### Try it
Only the lines below from the one containing "Inter-harmonic detection method" through the one containing "NASA's Artemis mission" belong in the answer, repeated exactly and without pictures.

### Data in this exercise

+ + + +

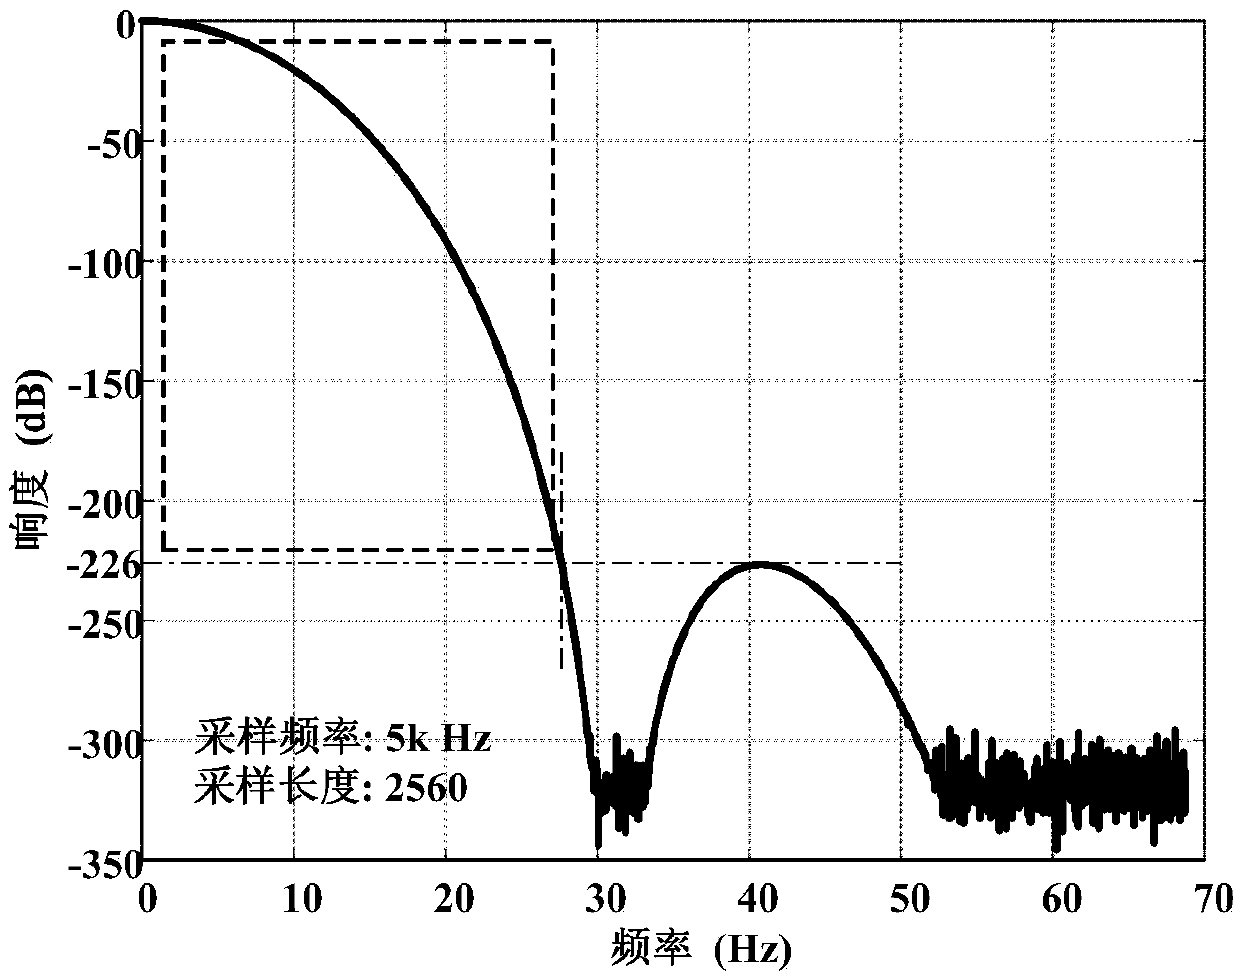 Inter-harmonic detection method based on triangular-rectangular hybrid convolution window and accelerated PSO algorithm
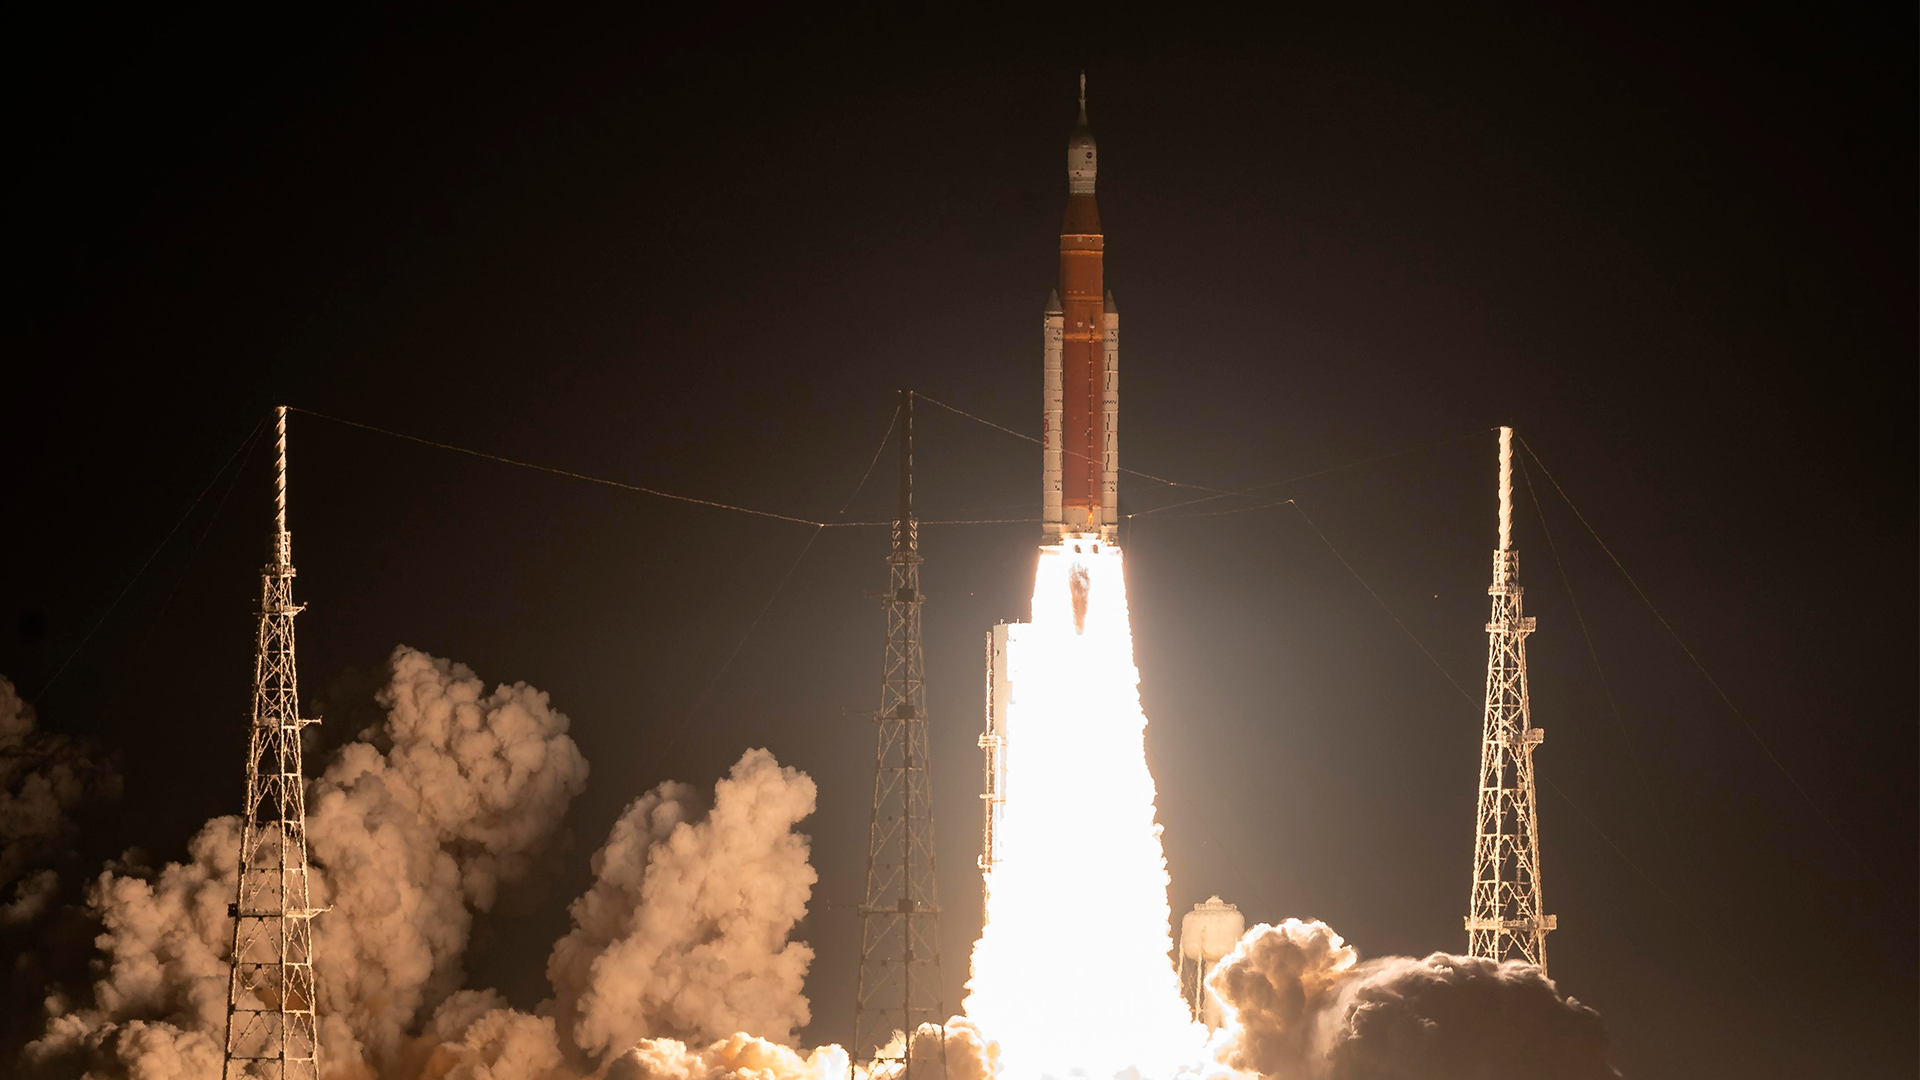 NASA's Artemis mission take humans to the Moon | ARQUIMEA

+ + + +

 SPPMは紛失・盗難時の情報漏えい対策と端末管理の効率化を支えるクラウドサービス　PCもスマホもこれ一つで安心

+ + + +

### Expected answer
 Inter-harmonic detection method based on triangular-rectangular hybrid convolution window and accelerated PSO algorithm
 NASA's Artemis mission take humans to the Moon | ARQUIMEA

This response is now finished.